In 2021, Ferro was the understudy to Gabriel Fries in Metropolis Performing Arts Centre's production of Baskerville: A Sherlock Holmes Mystery. As theaters in Chicago have reopened in April, Ferro became involved in the process of rehearsing Sigman Brothers' delayed production of Rip Van Winkle, now airing as a streaming musical over Facebook Live. Ferro also appeared in Oil Lamp Theater's production of Shipwrecked: An Entertainment by Donald Margulies, which was the second of 2 productions of the theater company to be produced outdoors.

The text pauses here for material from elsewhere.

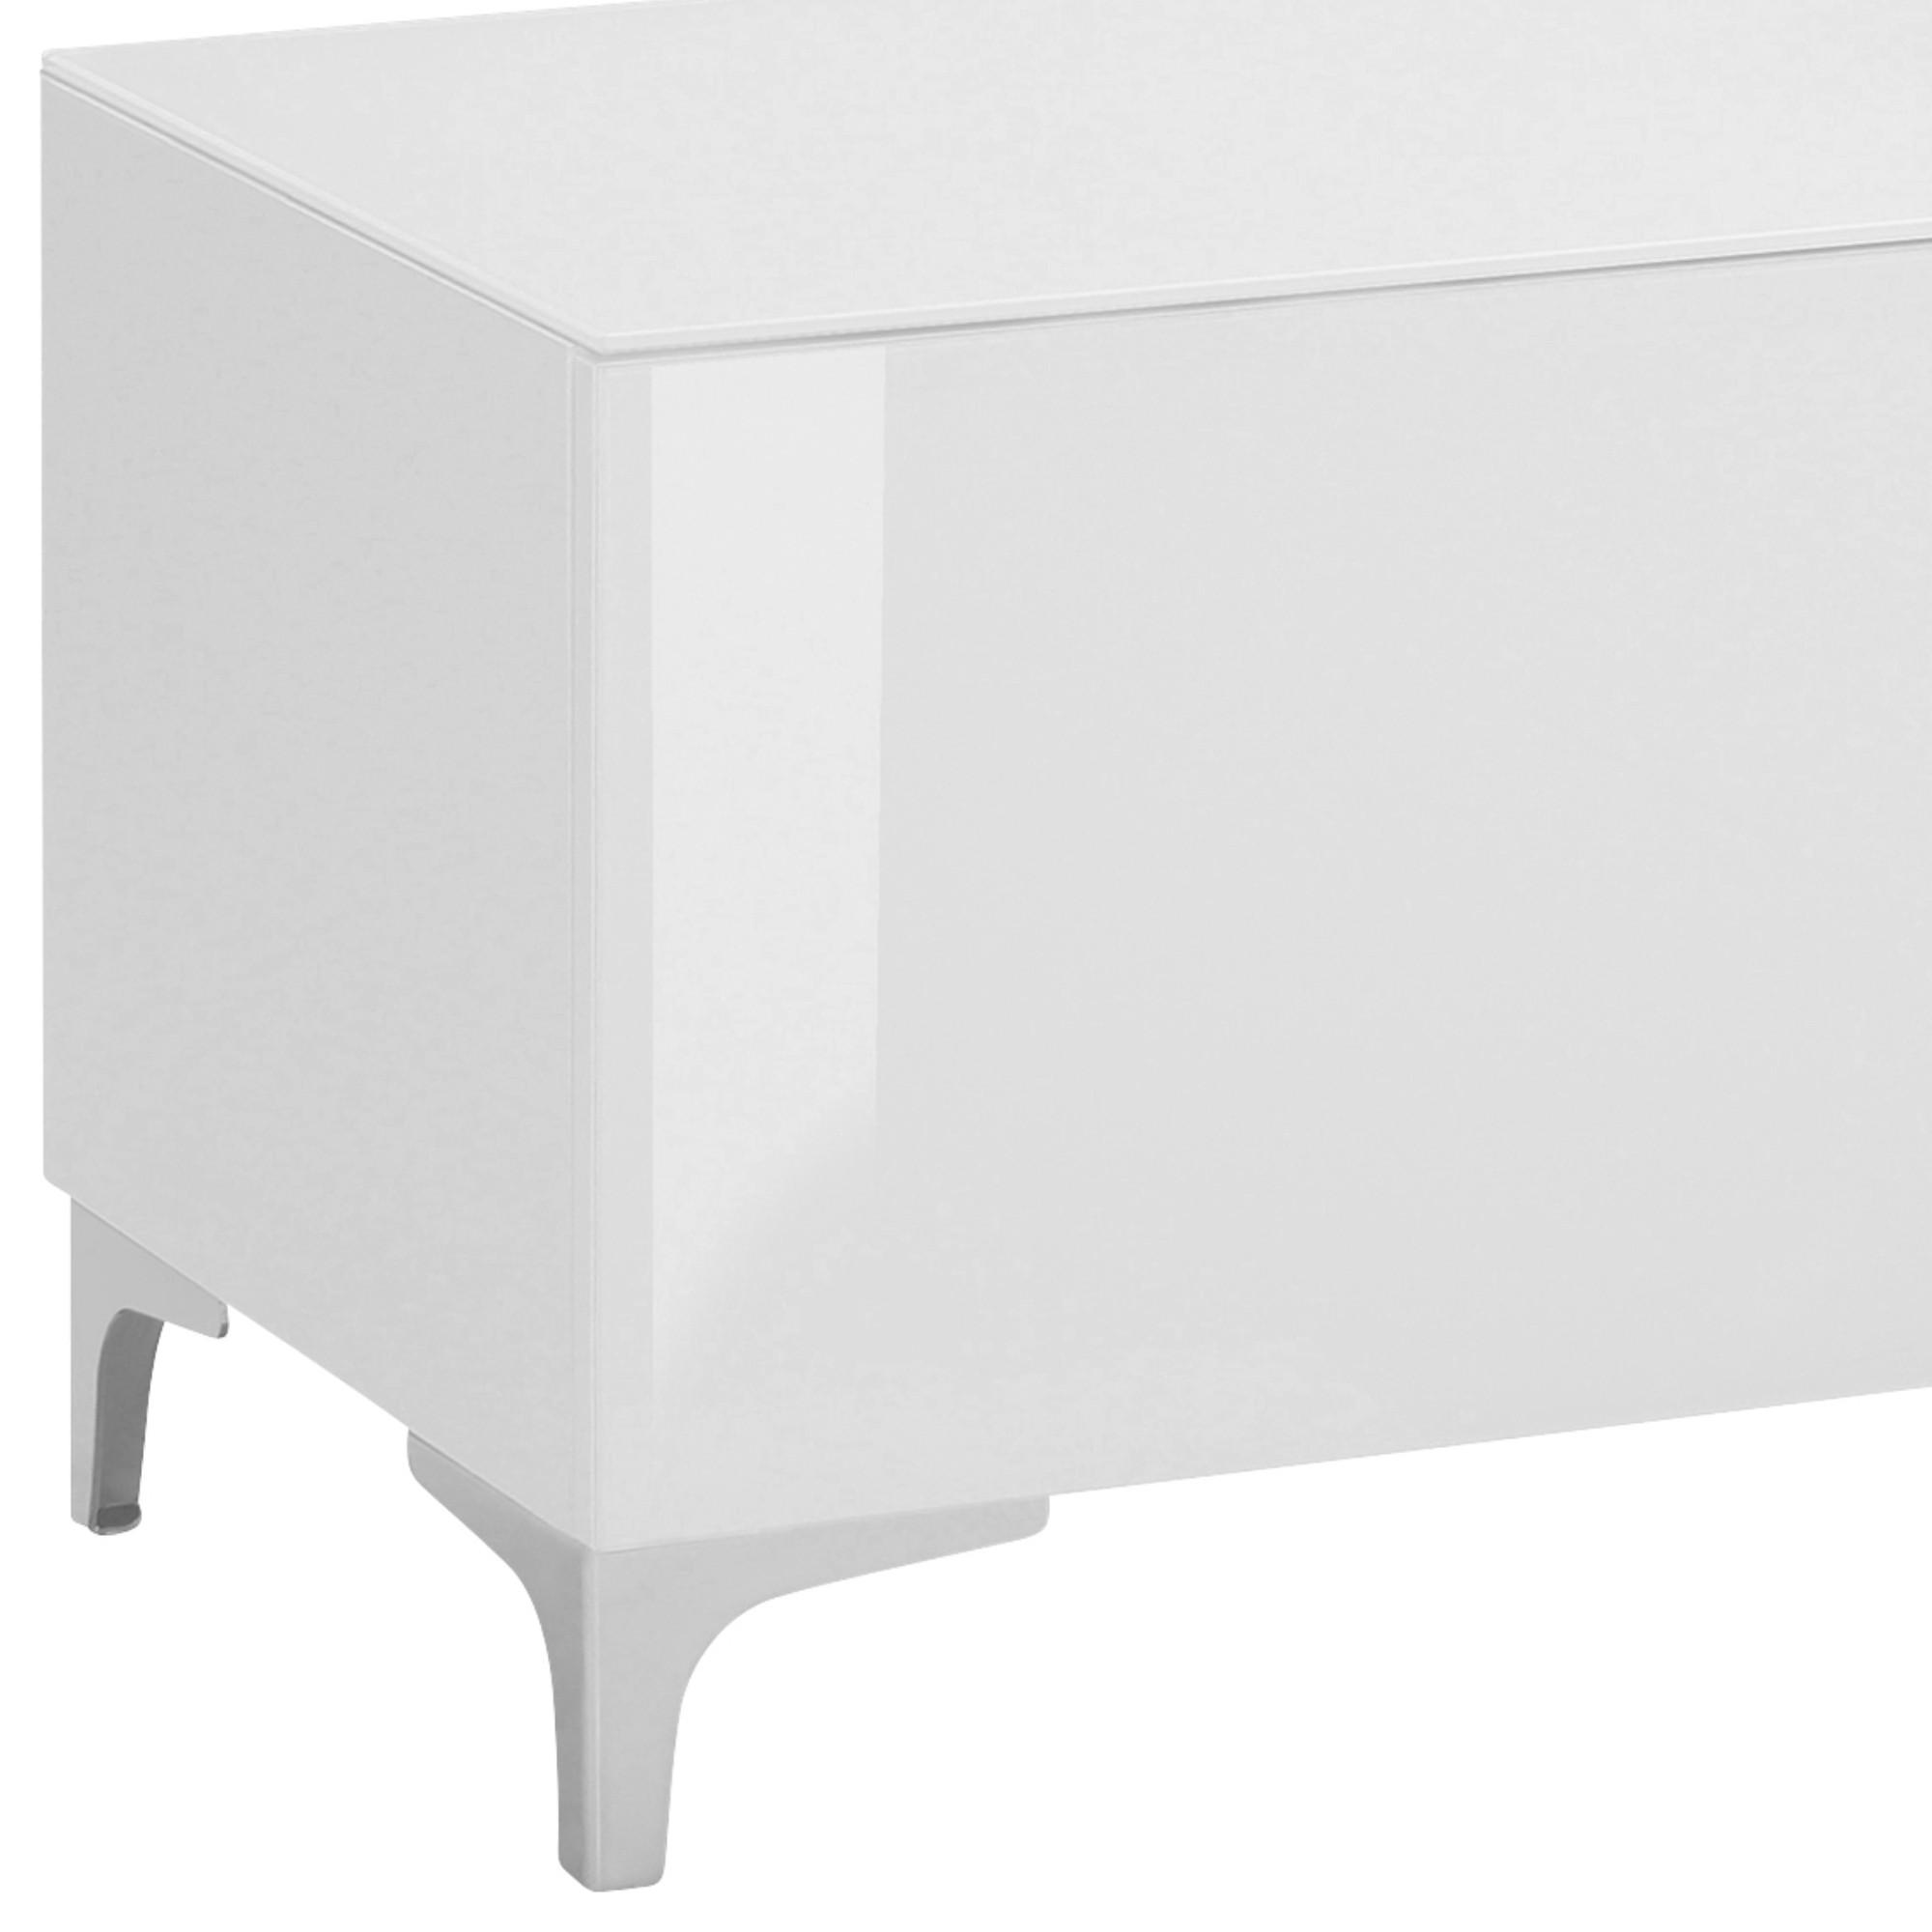 Sconto TV stolík BENTLEY biela matná/biele sklo, šírka 181 cm.

Alan Bresloff of Around The Town Chicago writes, "...one of the highlights of the experience is Van Ferro ( player 2) who plays old men, dogs, babies, teen-agers and every other man in the show. He also does some women to show his wide range. He is worth the trip to Glenview...". The production was also cited as Highly Recommended by the magazine. Ferro is also appearing in Sigman Brothers' Christmas Sonata, an original musical written for the five actors playing in the production, for Christmas 2021.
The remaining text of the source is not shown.